PROMPT »
A word-for-word copy of the following listing is needed. Leave out its images.

DATASET EXCERPT below:

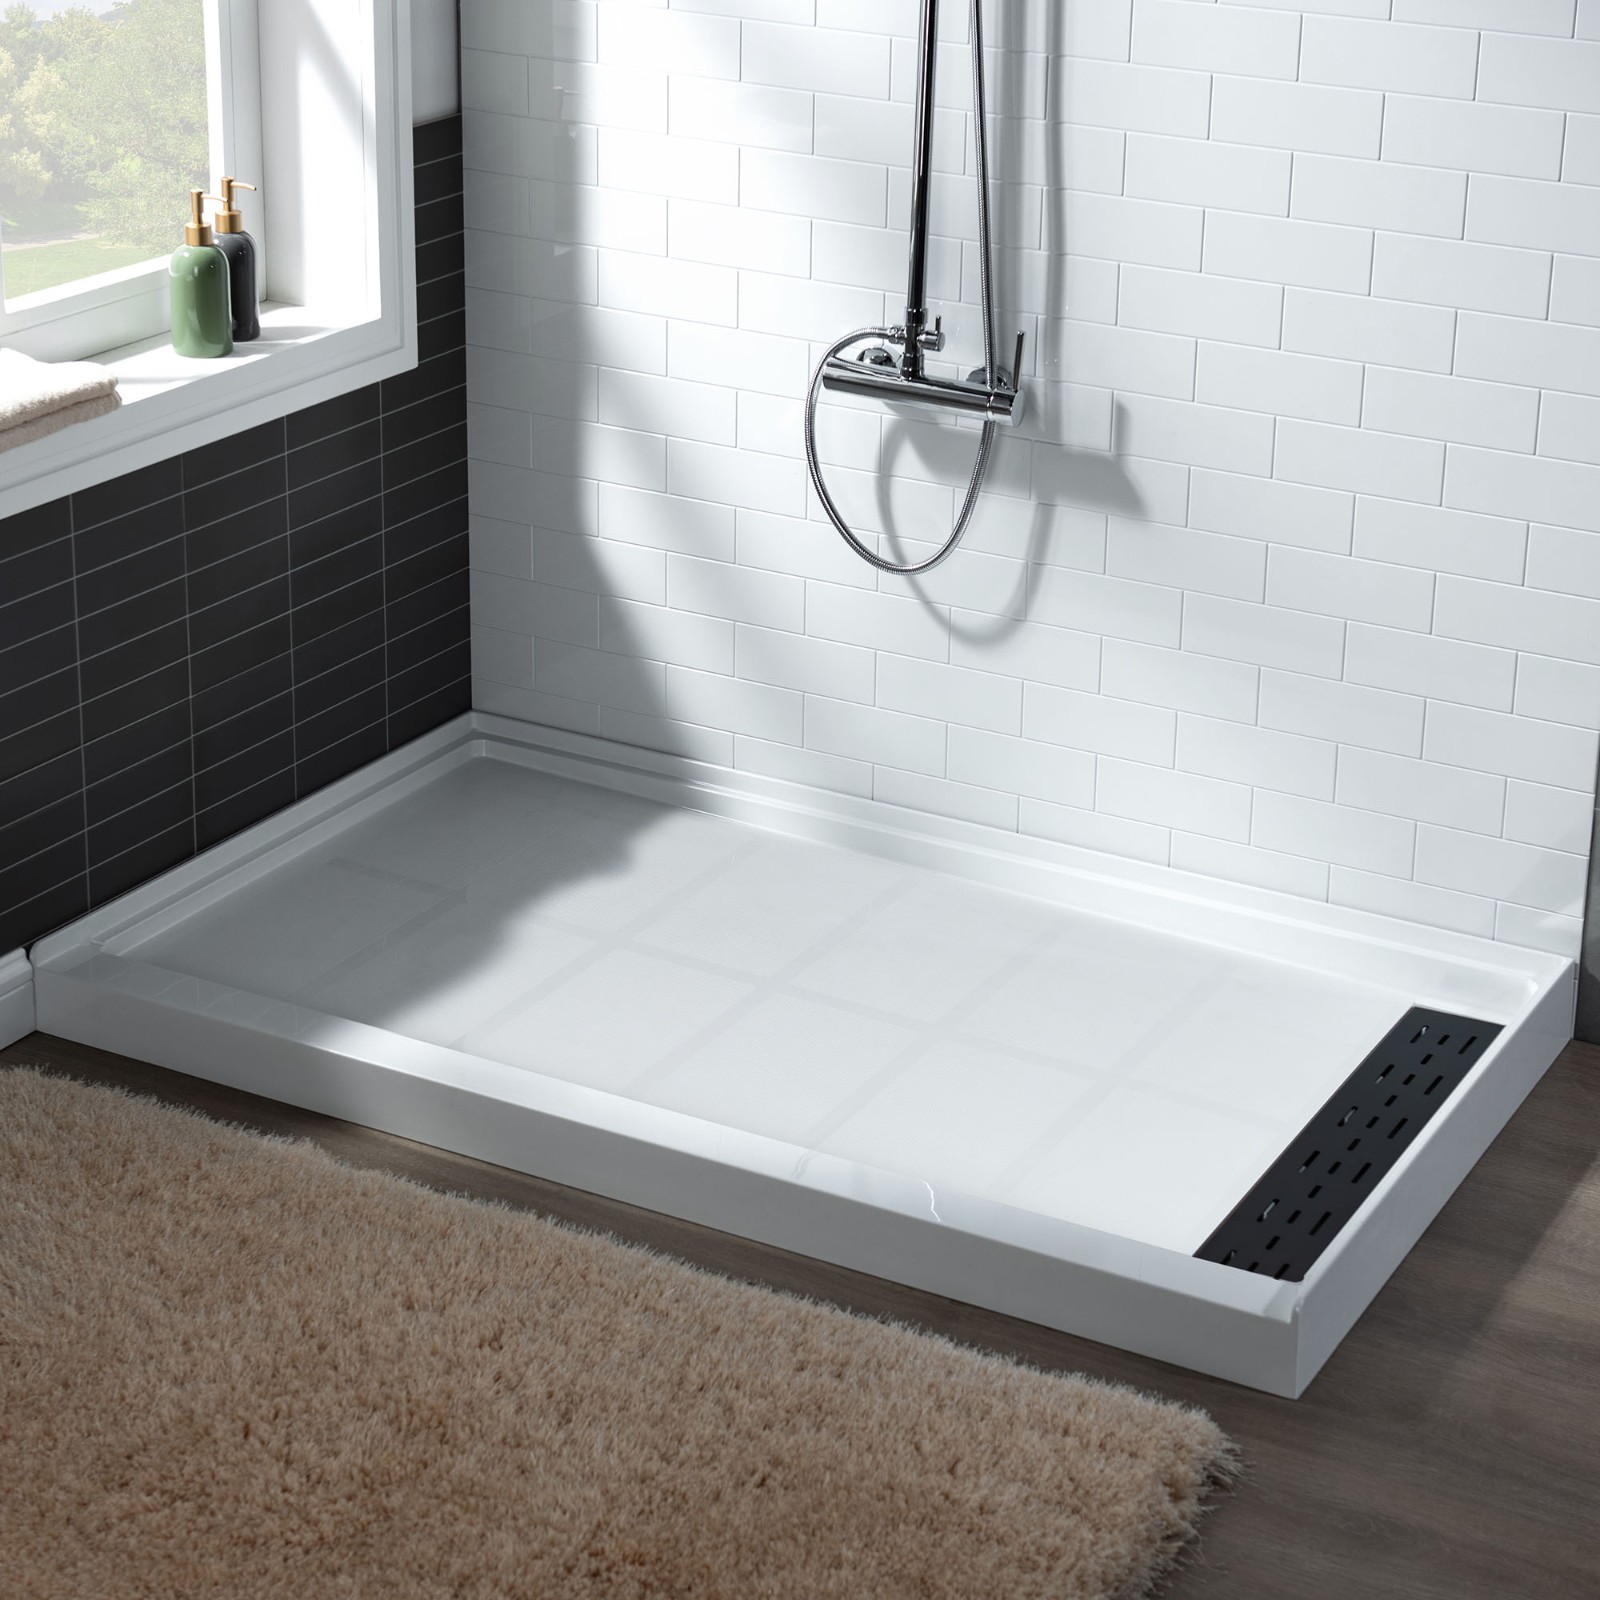  WOODBRIDGE SBR4836-1000R-MB SolidSurface Shower Base with Recessed Trench Side Including Matte Black Linear Cover, 48
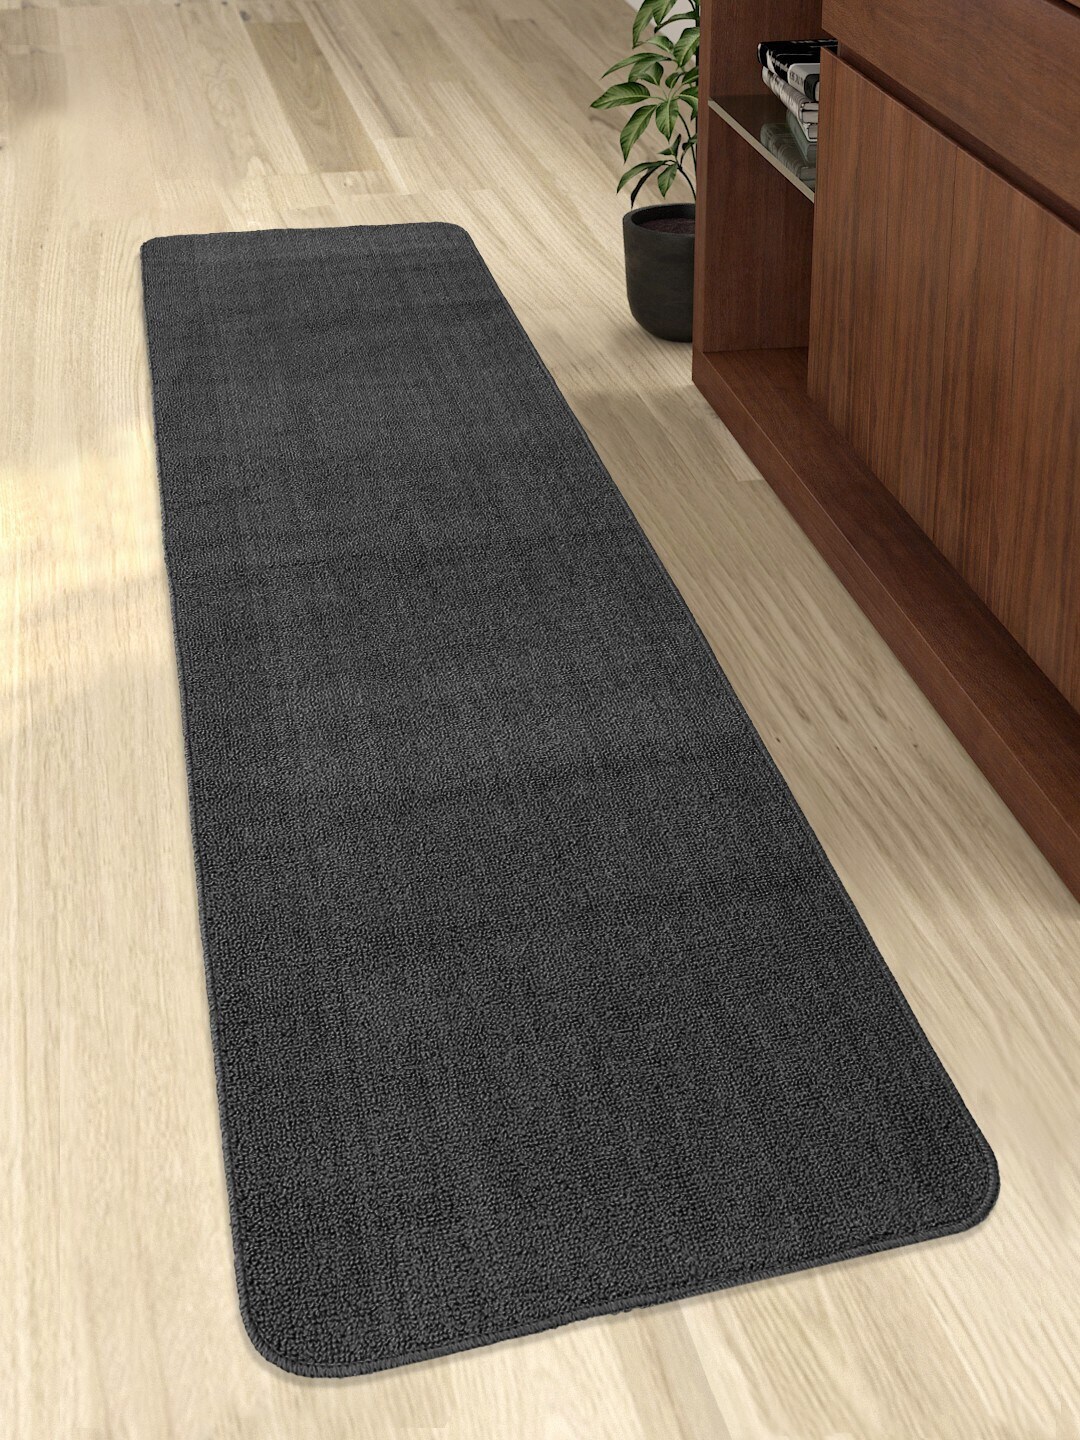 Saral Home Charcoal Grey Solid Polypropylene Anti-Slip Floor Runner Price in India
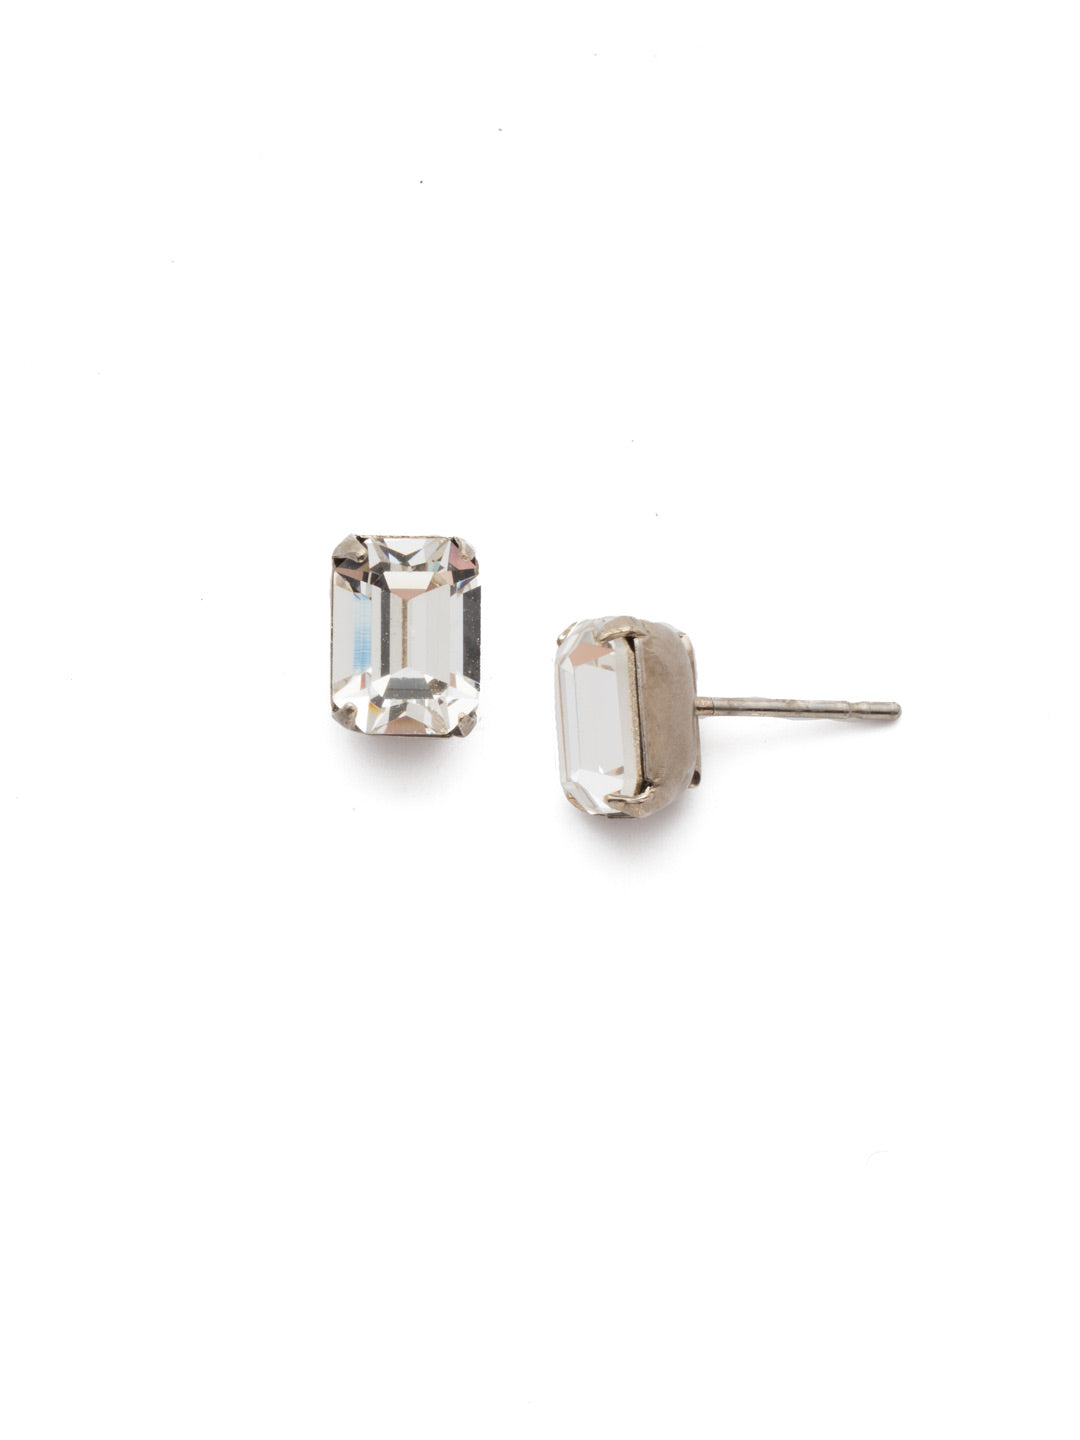 Mini Emerald Cut Stud Earrings - EBY42ASCRY - <p>Simply sophisticated. The mini emerald cut stud earrings can be worn alone or paired with anything for an extra accent to any wardrobe. From Sorrelli's Crystal collection in our Antique Silver-tone finish.</p>

End of DATASET EXCERPT.

WRITTEN ANSWER »
  WOODBRIDGE SBR4836-1000R-MB SolidSurface Shower Base with Recessed Trench Side Including Matte Black Linear Cover, 48
 Saral Home Charcoal Grey Solid Polypropylene Anti-Slip Floor Runner Price in India
 Mini Emerald Cut Stud Earrings - EBY42ASCRY - <p>Simply sophisticated. The mini emerald cut stud earrings can be worn alone or paired with anything for an extra accent to any wardrobe. From Sorrelli's Crystal collection in our Antique Silver-tone finish.</p>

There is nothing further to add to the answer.